DATA SEGMENT
== Segment start ==
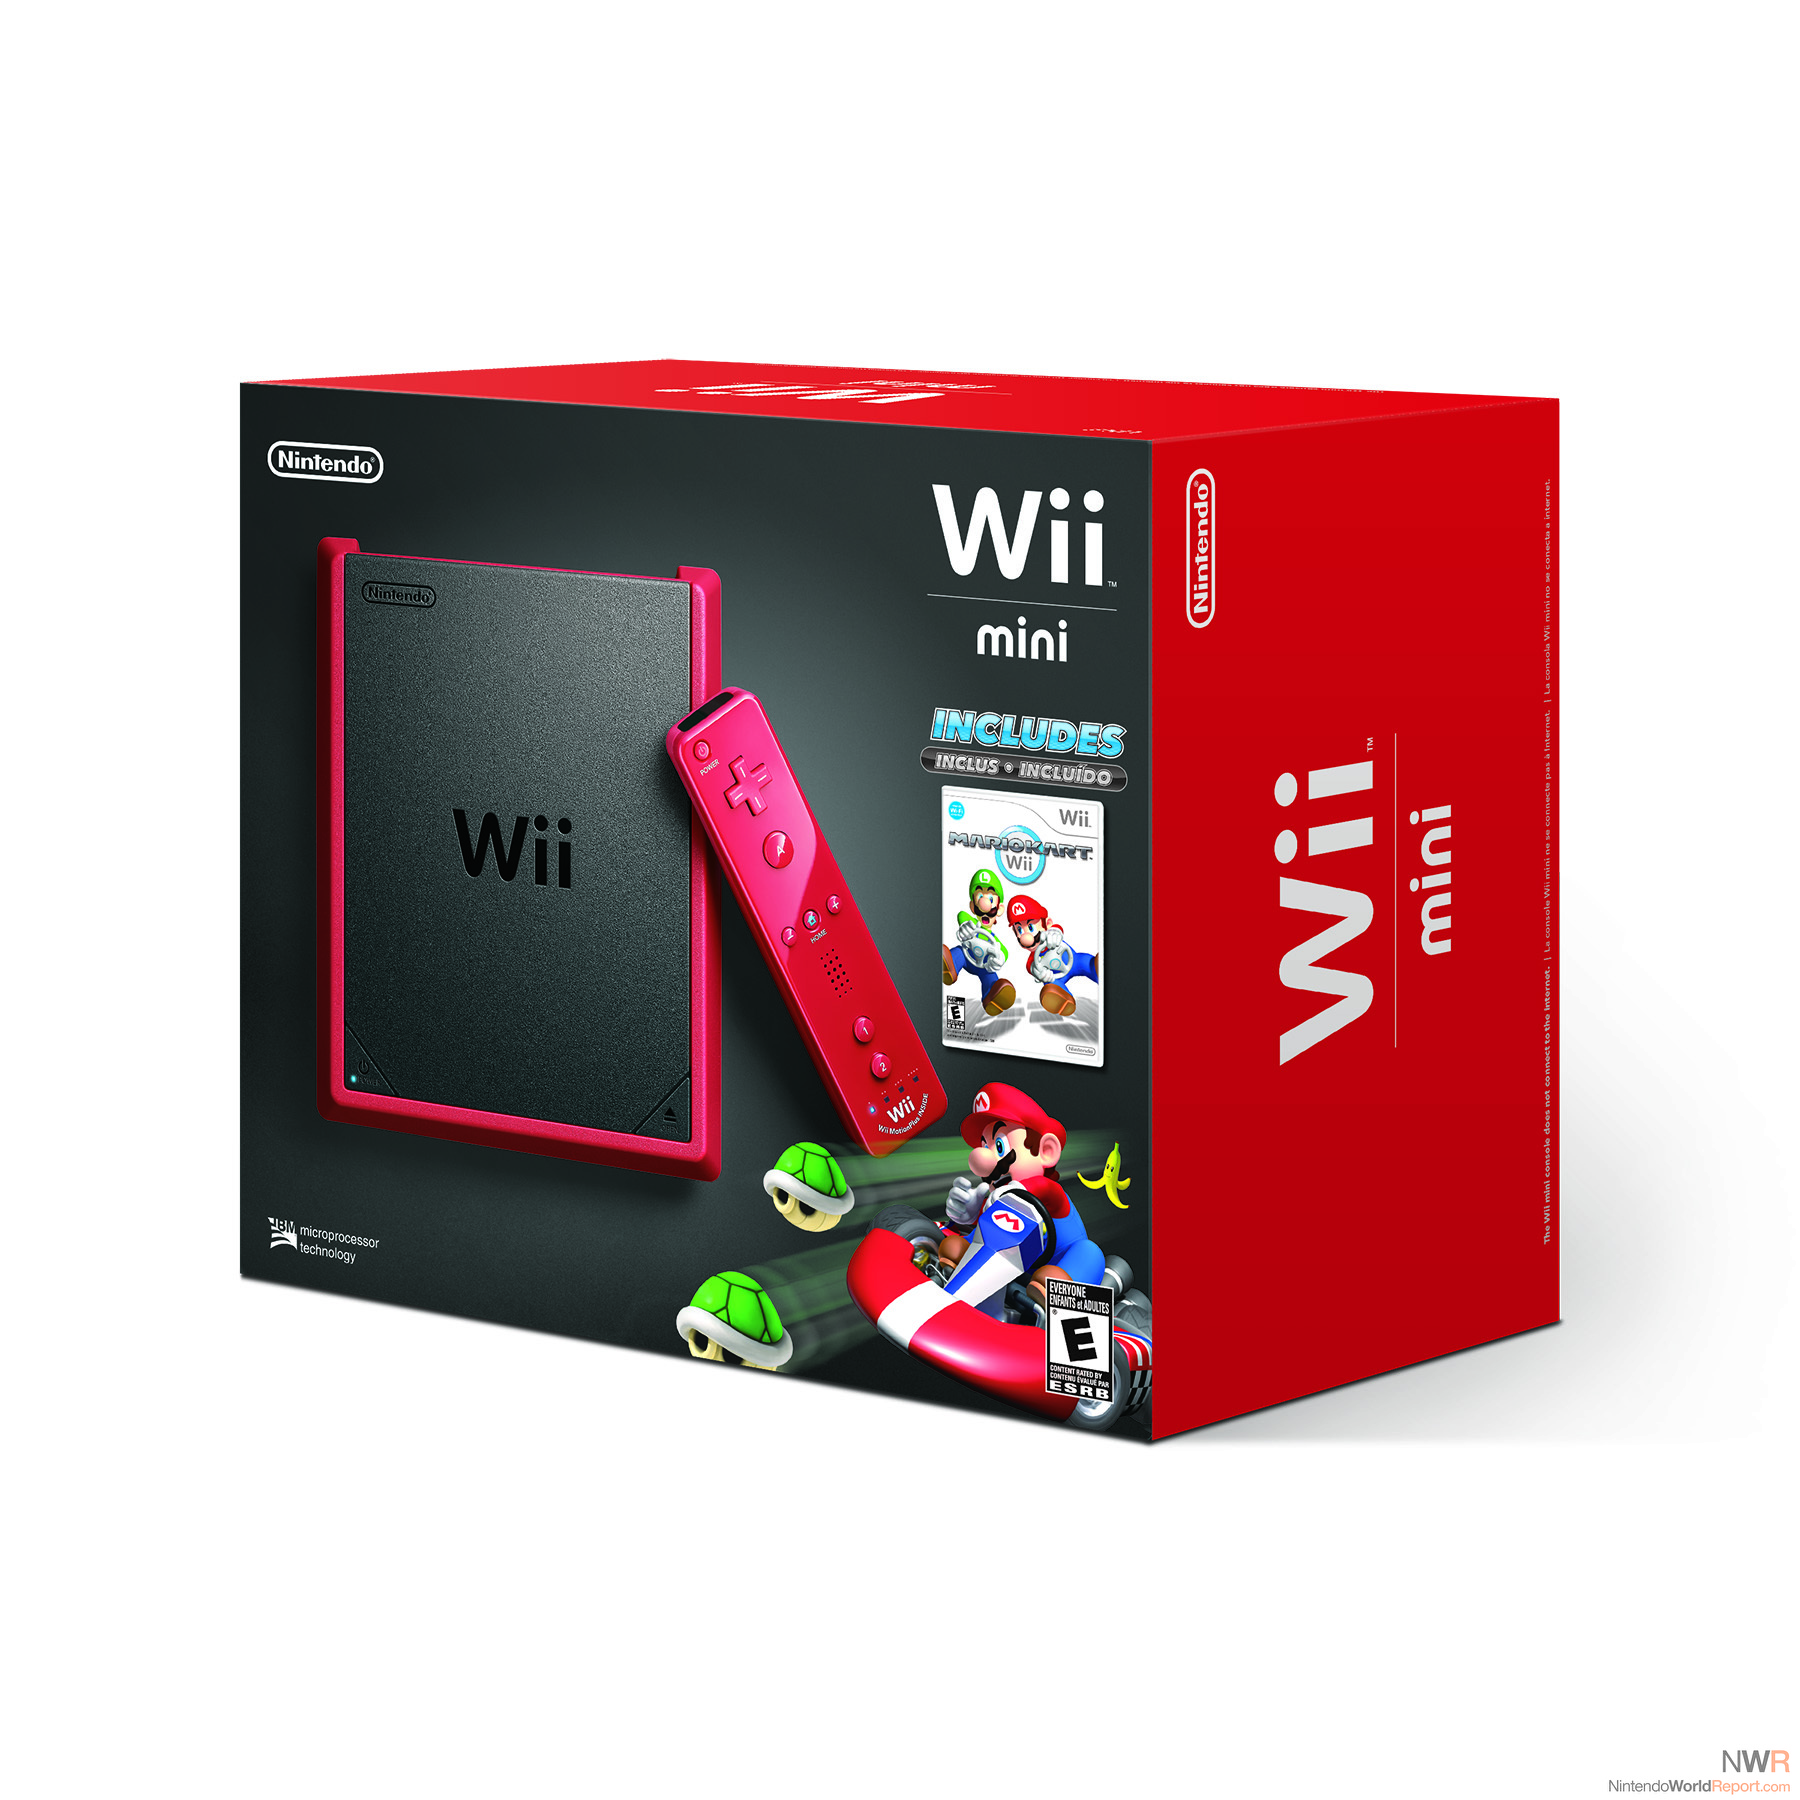 Wii Mini Coming to United States, Bundled with Mario Kart Wii - News -  Nintendo World Report
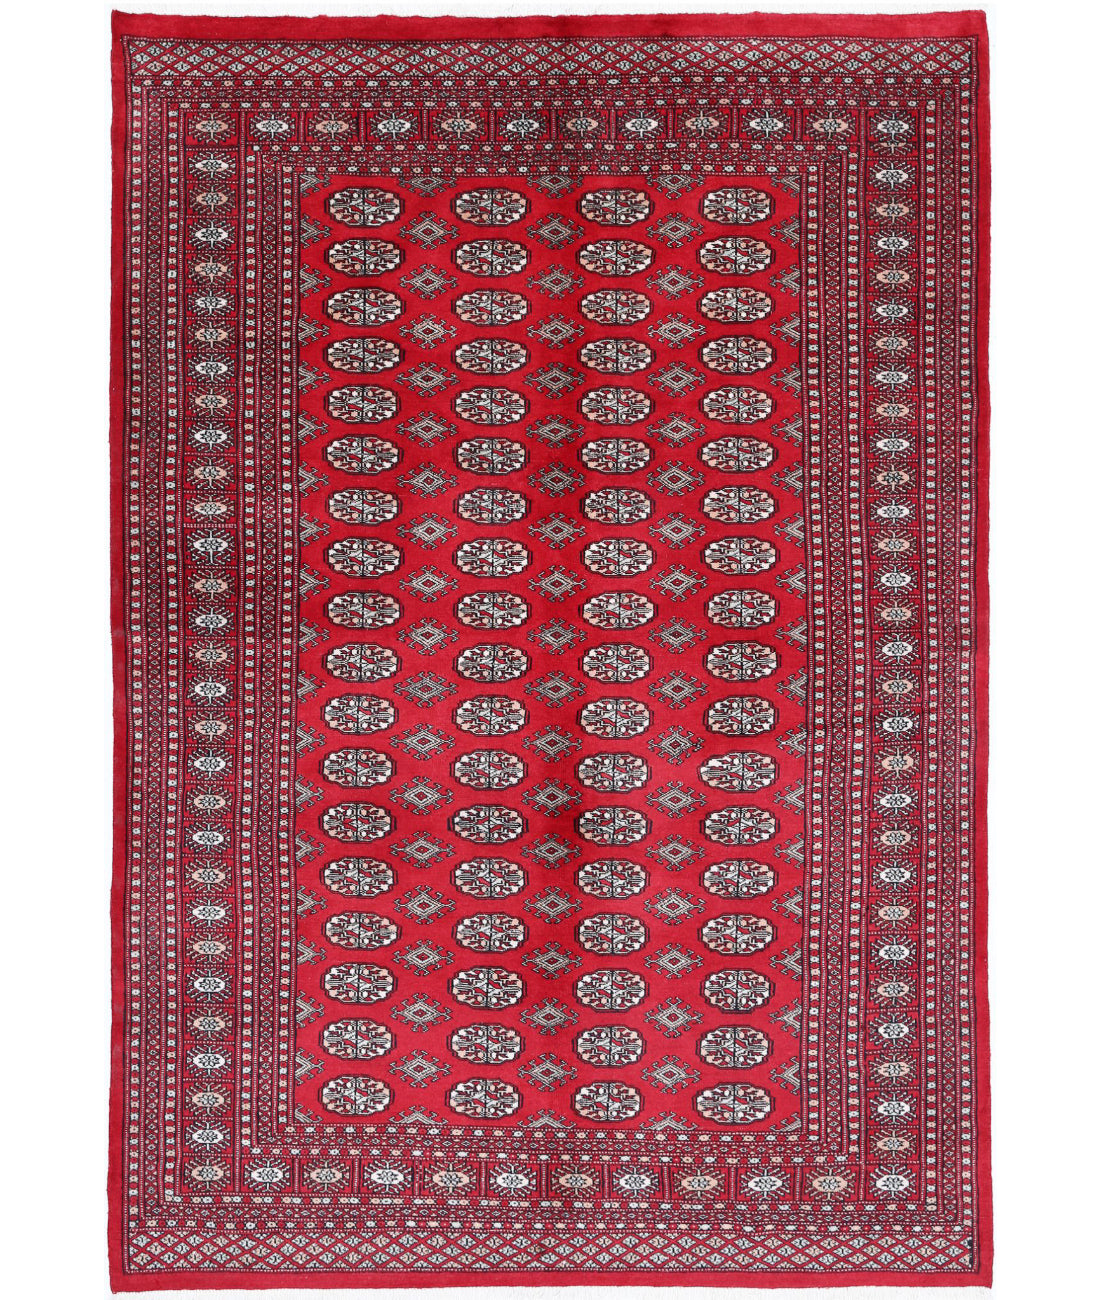 Hand Knotted Tribal Bokhara Wool Rug - 5&#39;10&#39;&#39; x 8&#39;6&#39;&#39; 5&#39;10&#39;&#39; x 8&#39;6&#39;&#39; (175 X 255) / Red / Black
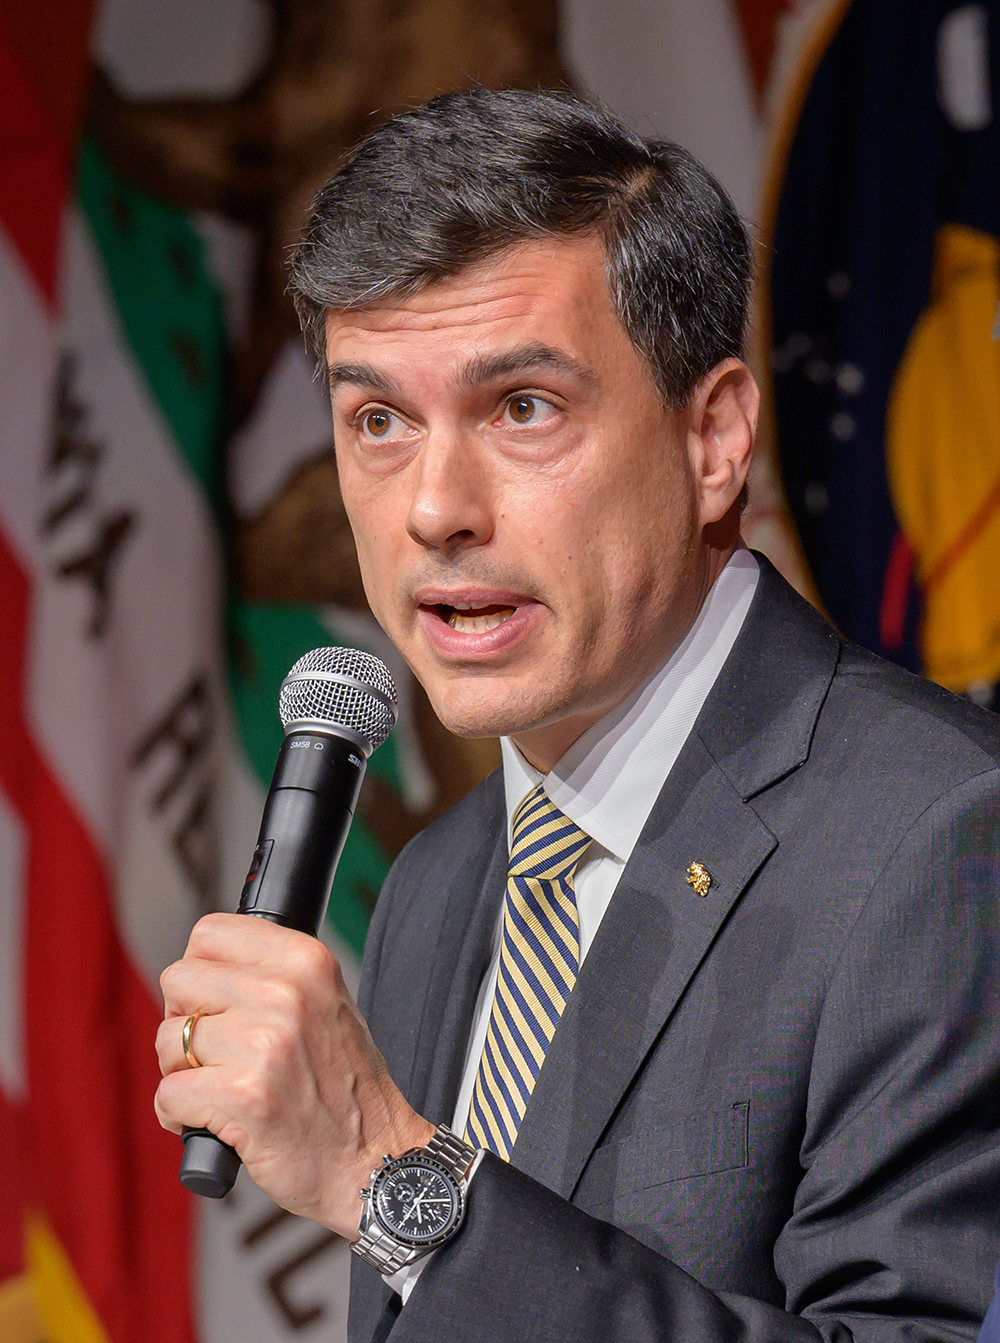 A white man in a suit holds a mic with the California flag in the background
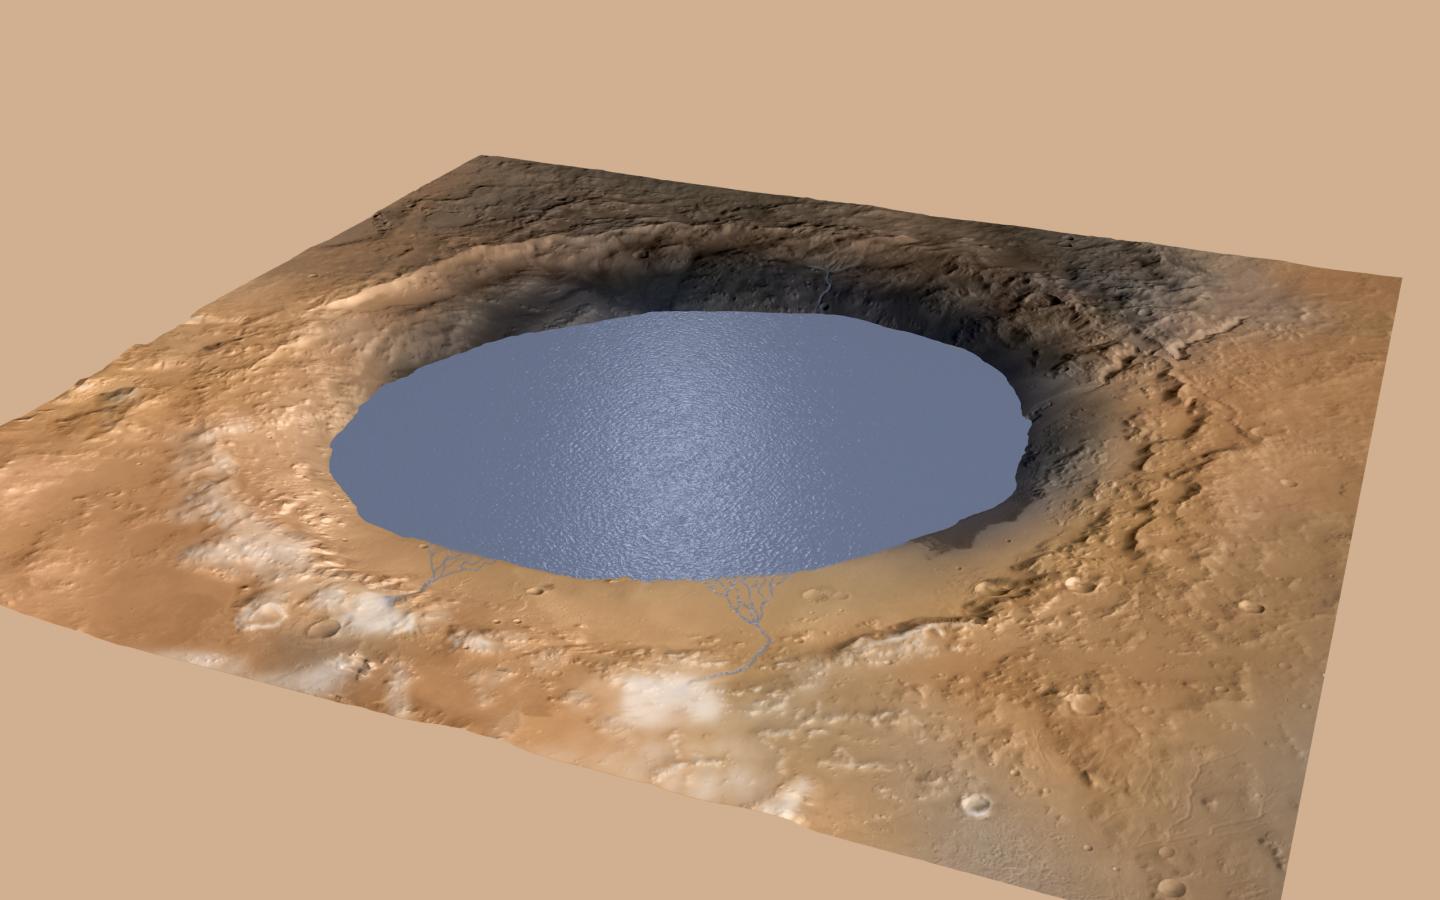 Gale Crater with Water
== Segment end ==
TASK OBJECTIVE
Copy word for word each line of the data above, from the first through the one containing "Hand Knotted Tribal", and include no pictures.

ANSWER TO THE PROBLEM
 Wii Mini Coming to United States, Bundled with Mario Kart Wii - News -  Nintendo World Report
 Hand Knotted Tribal Bokhara Wool Rug - 5&#39;10&#39;&#39; x 8&#39;6&#39;&#39; 5&#39;10&#39;&#39; x 8&#39;6&#39;&#39; (175 X 255) / Red / Black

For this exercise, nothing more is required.